Kompromiss beim EU-Gipfel

Rückschlag für Merz und von der Leyen: Russisches Vermögen bleibt eingefroren – EU finanziert Ukraine per Kredit

Am frühen Morgen einigten sich die EU-Spitzen auf einen Kompromiss für die Finanzierung der Ukraine. Die präferierte Lösung von Ursula von der Leyen und Friedrich Merz ist damit gescheitert.

Bundeskanzler Friedrich Merz spricht bei einer Pressekonferenz im Anschluss an den EU-Gipfel.
Bundeskanzler Friedrich Merz spricht bei einer Pressekonferenz im Anschluss an den EU-Gipfel.John Thys/AFP

Die EU-Staats- und Regierungschefs haben sich in der Nacht in Brüssel auf eine weitere Finanzierung der Ukraine für die nächsten beiden Jahre geeinigt. Dafür beschlossen sie, Kiew einen zinslosen Kredit in Höhe von 90 Milliarden Euro zu geben.
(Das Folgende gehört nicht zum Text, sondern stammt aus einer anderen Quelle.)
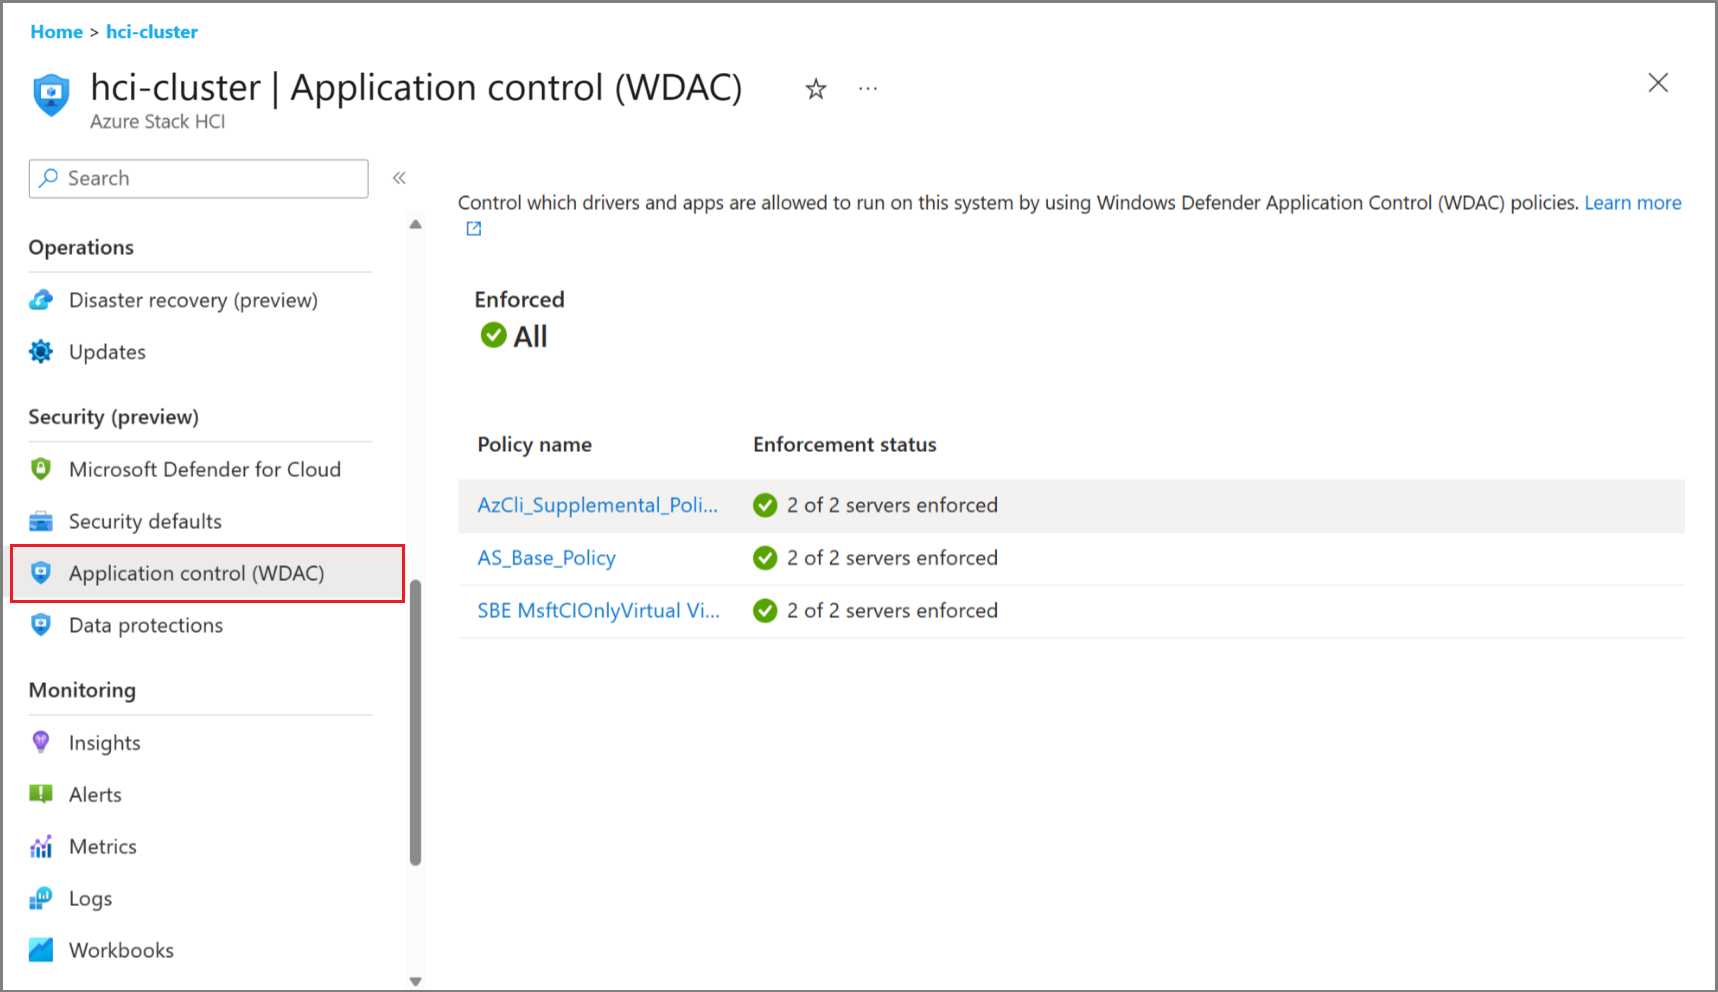 Снимок экрана: страница управления приложениями (WDAC) в портал Azure.

Nach Angaben von Bundeskanzler Friedrich Merz in einer Pressekonferenz nach dem Gipfel sollen dafür Mittel aus dem EU-Haushalt als Garantie verwendet werden. Die eingefrorenen russischen Vermögen bleiben damit vorerst unangetastet. 

EU-Kommissionspräsidentin Ursula von der Leyen erklärte nach dem Gipfel jedoch, dass die Ukraine das Darlehen zulasten des EU-Haushalts erst dann zurückzahlen werde, wenn Kiew Reparationszahlungen erhalte.